That being said, it is absolutely worth a read. In the next couple of days, we will be putting up transcriptions of two (two!) different Q&As from Safe House director Daniel Espinosa. He’s an awesome guy, so definitely keep your eyes peeled for those. In the meantime, this will have to tide you over.

Were you surprised by what goes on with the US government?

Denzel: Why? What goes on? … Years ago, prior to 9/11, I was in a movie called The Siege, and I did a lot of research with the FBI and the CIA, and I was amazed at that time how little information they shared with each other. after that I’m not surprised by anything.

Ryan: I think it’s not what we know that’s terrifying. It’s what we don’t know. It’s something that’s really pervasive with everything in life really, but yeah I’m sure a book or two could be written about what really goes on.

What do you do to keep your body so tuned up?

Denzel: we worked with, what’s his name, Olivier?

Ryan: Olivier Schneider.

Denzel: Yeah, these French guys who you would always want to be with you. The most unassuming guys, and we really had the luxury of time, a good two or three months where we were over there. In fact, there’s a fight I have where I crash through the roof or something, fighting this guy, and then the fight we do at the end, we had two or three or four months before we got to do those fights, so that’s how I did mine. I mean, you saw him [Ryan] crashing through windows, and I mean his fights were nasty.

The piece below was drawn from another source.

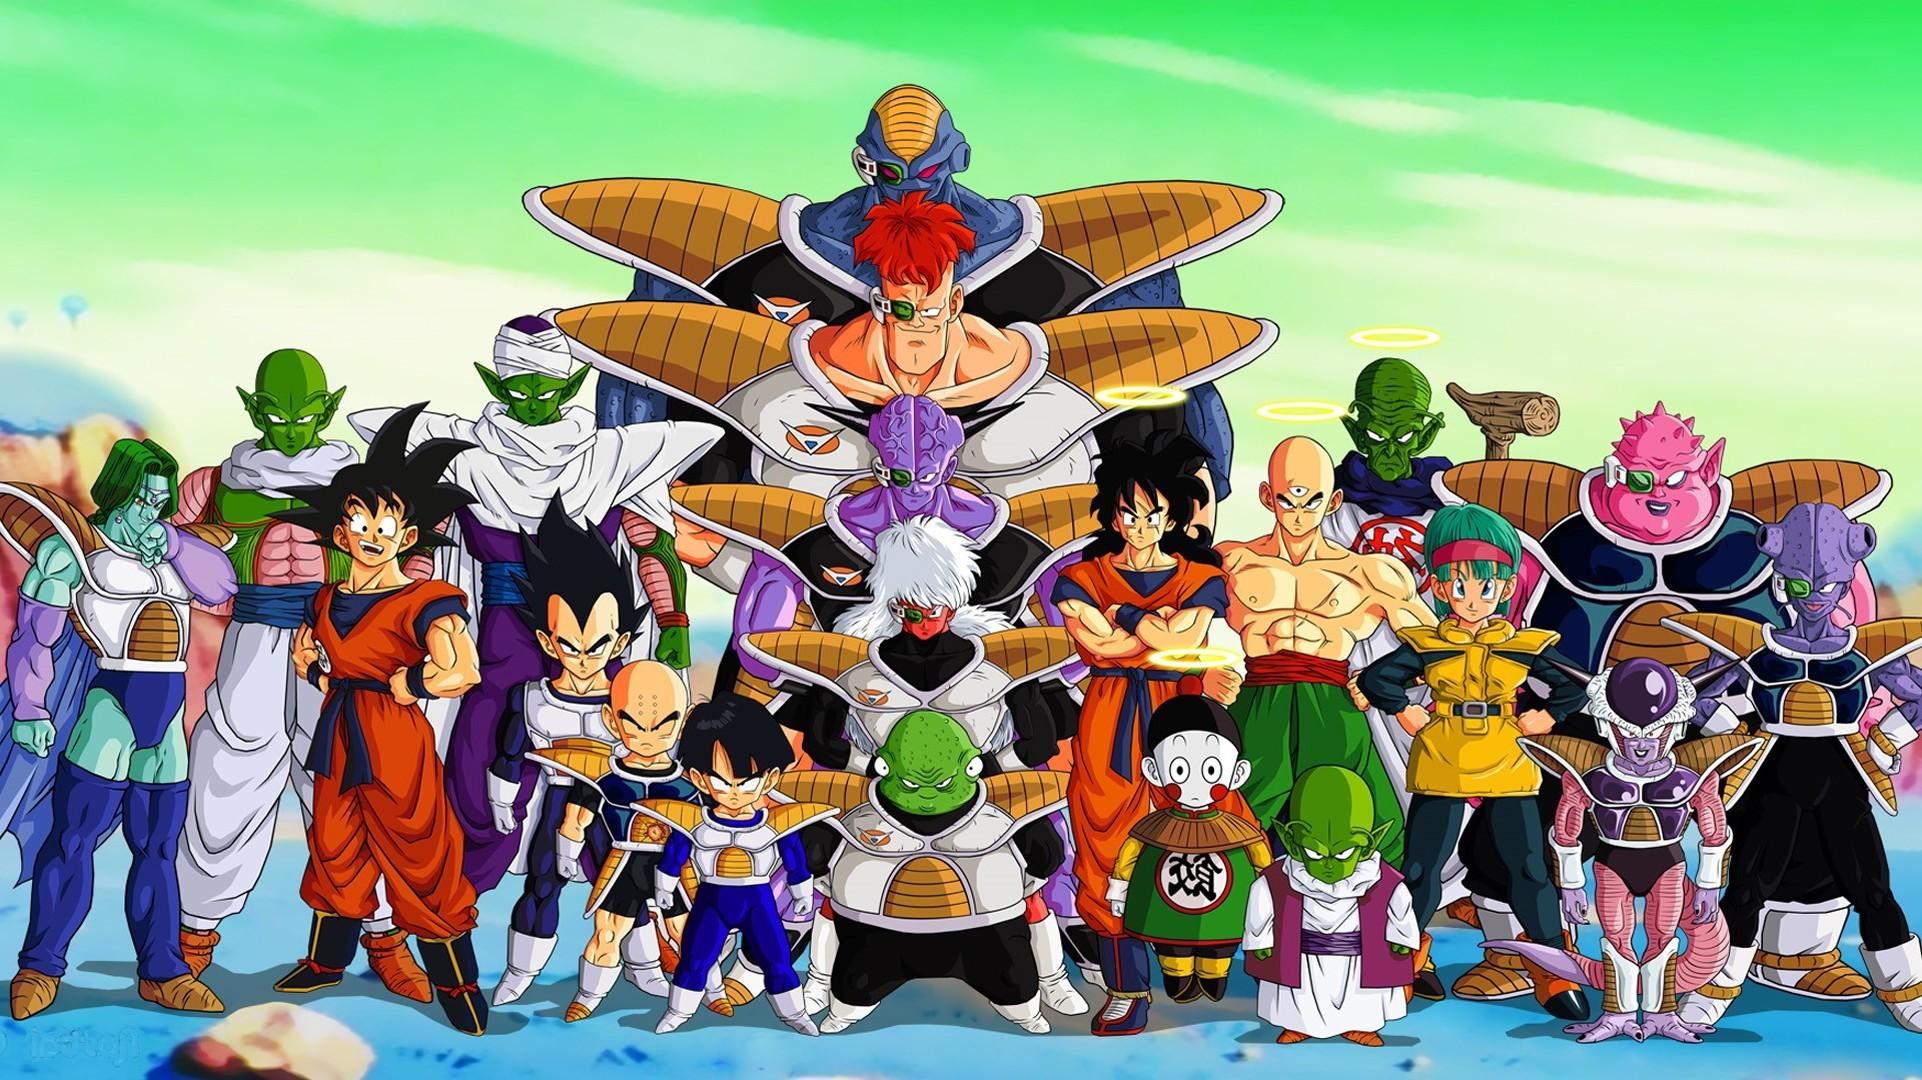 Dragon Ball Z, Krillin, Vegeta, Piccolo, Zarbon, Gohan, Ginyu Force

Ryan: These guys are really great at making things look ugly, that knife fight in a phonebooth kind of feeling. That’s kind of what you want. We had a couple of rounds, and I had to wear an adult diaper.

Did you ever get hurt on the set? Also, did you do any research with actual CIA operatives.

Denzel: We had a CIA operative on the set all the time, and Ryan gave me a black eye. Yeah. There’s a scene where I reach over and try to choke him and I have handcuffs on, and we were flying around in the car, and he wasn’t actually driving the car. It was being controlled by someone else, so it just happens I was reaching forward and he was flying back, and POW.

Ryan: And that was my early retirement. That first look you gave me after it happened, I think…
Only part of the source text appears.